I want to thanks @saitobenkei for his help, you really save me with this.
Now, I would like to post here all the things done. It would like to make this solution a new feature for NS7 mail module.
For the mean time I decided to modify the functionality of the checkbox in
[ Email Addresses ] -> [ username@domain.local ] -> [ Edit ] -> [ Local network only ]
In order to do this we create a custom template to disable this feature code, like this:
mkdir -p /etc/e-smith/templates-custom/etc/postfix/internal_access/
nano /etc/e-smith/templates-custom/etc/postfix/internal_access/10mailboxes
We insert this code in this file:
#
# 10mailboxes -- internal addresses defined by users database
#
{
}
As @saitobenkei suggested we also modify the some parameters on /etc/postfix/main.cf to restrict access to the defined users (Those that have the [ Local network only ] checkbox enabled), to do that we make a custom template that replaces the original /etc/e-smith/templates/etc/postfix/main.cf/00template_vars by doing this:
mkdir -p /etc/e-smith/templates-custom/etc/postfix/main.cf/
cp /etc/e-smith/templates/main.cf/00template_vars /etc/e-smith/templates-custom/etc/main.cf
nano /etc/e-smith/templates-custom/etc/main.cf/00template_vars
We modify this section, the line with the “Add this here” comment must be inserted.
According to this guide, this file will have the list of users /etc/postfix/restricted_senders:
@smtpd_relay_restrictions = (
'check_client_access cidr:/etc/postfix/access.cidr',
'check_sender_access hash:/etc/postfix/restricted_senders', # <- Add this here
'permit_mynetworks',
'permit_sasl_authenticated',
'reject_unauth_destination',
'reject_unverified_recipient',
);
Also we create a new template file, to define our reject class and file:
mkdir -p /etc/e-smith/templates-custom/etc/postfix/main.cf/
nano /etc/e-smith/templates-custom/etc/postfix/main.cf/55restriction_classes
In 55restriction_classes we define a restriction class, in this case we will reject any email, except for those email domains that comply we regex expressions:
#
# custom
# 55restriction_classes
#
smtpd_restriction_classes = local_only
local_only = pcre:/etc/postfix/local_domains, reject
Next is creating the local domain template file:
mkdir -p /etc/e-smith/templates-custom/etc/postfix/local_domains/
nano /etc/e-smith/templates-custom/etc/postfix/local_domains/10local_domains
As it is explained here, we define the email domains that will be allowed, any other email will be rejected by default.

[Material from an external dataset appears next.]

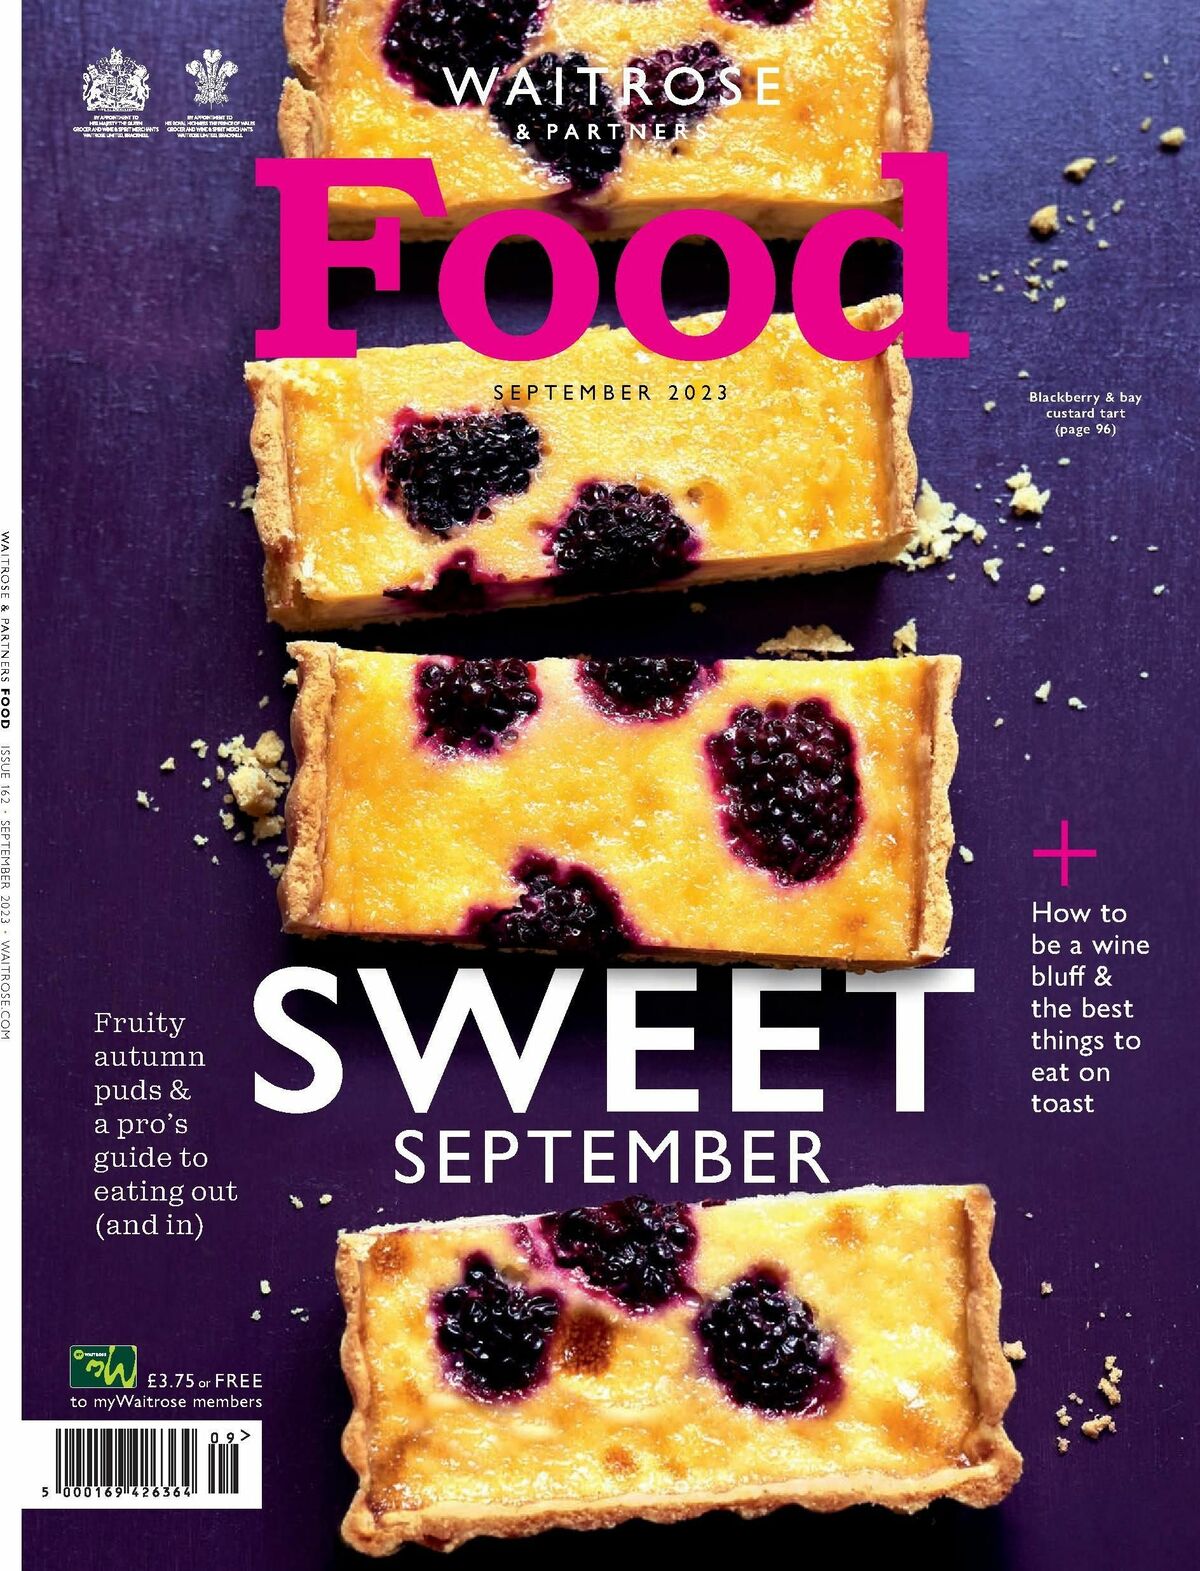 Waitrose Food Magazine September Offers from 1 September

As @saitobenkei explained, we can define other domain like this /onedomain\.com$/ OK
#
# custom
# 10local_domains
#
# Insert the TLD as regular expression
# because the format file doesn't accept TLD directly
#
# In case, insert other lines as regular expression too
#
# http://www.postfix.org/access.5.html
/\.cu$/ OK
Finally we define the restricted senders template file:
mkdir -p /etc/e-smith/templates-custom/etc/postfix/restricted_senders/
nano /etc/e-smith/templates-custom/etc/postfix/restricted_senders/10restricted_senders
Here we use this code to get all the users which has enabled the [ Local network only ] checkbox and apply to them the restriction class local_only:
#
# custom
# 10restricted_senders
#
{
use esmith::AccountsDB;
$OUT = '';
foreach (esmith::AccountsDB->open_ro()->get_all_by_prop("type" => "user")) {
if(($_->prop('MailAccess') || '') eq 'private') {
$OUT .= sprintf("%-38s local_only\n", $_->key);
}
}
}
Now that we finished will all the templates, as @saitobenkei explained, we expand the templates and reload postfix.
expand-template /etc/postfix/main.cf
expand-template /etc/postfix/restricted_senders
expand-template /etc/postfix/local_domains
postmap /etc/postfix/restricted_senders
postmap /etc/postfix/local_domains
postfix reload
That’s all, I want to thank @saitobenkei for his support, I think this could be a great feature for mail module. Is there a place to suggest ideas for this?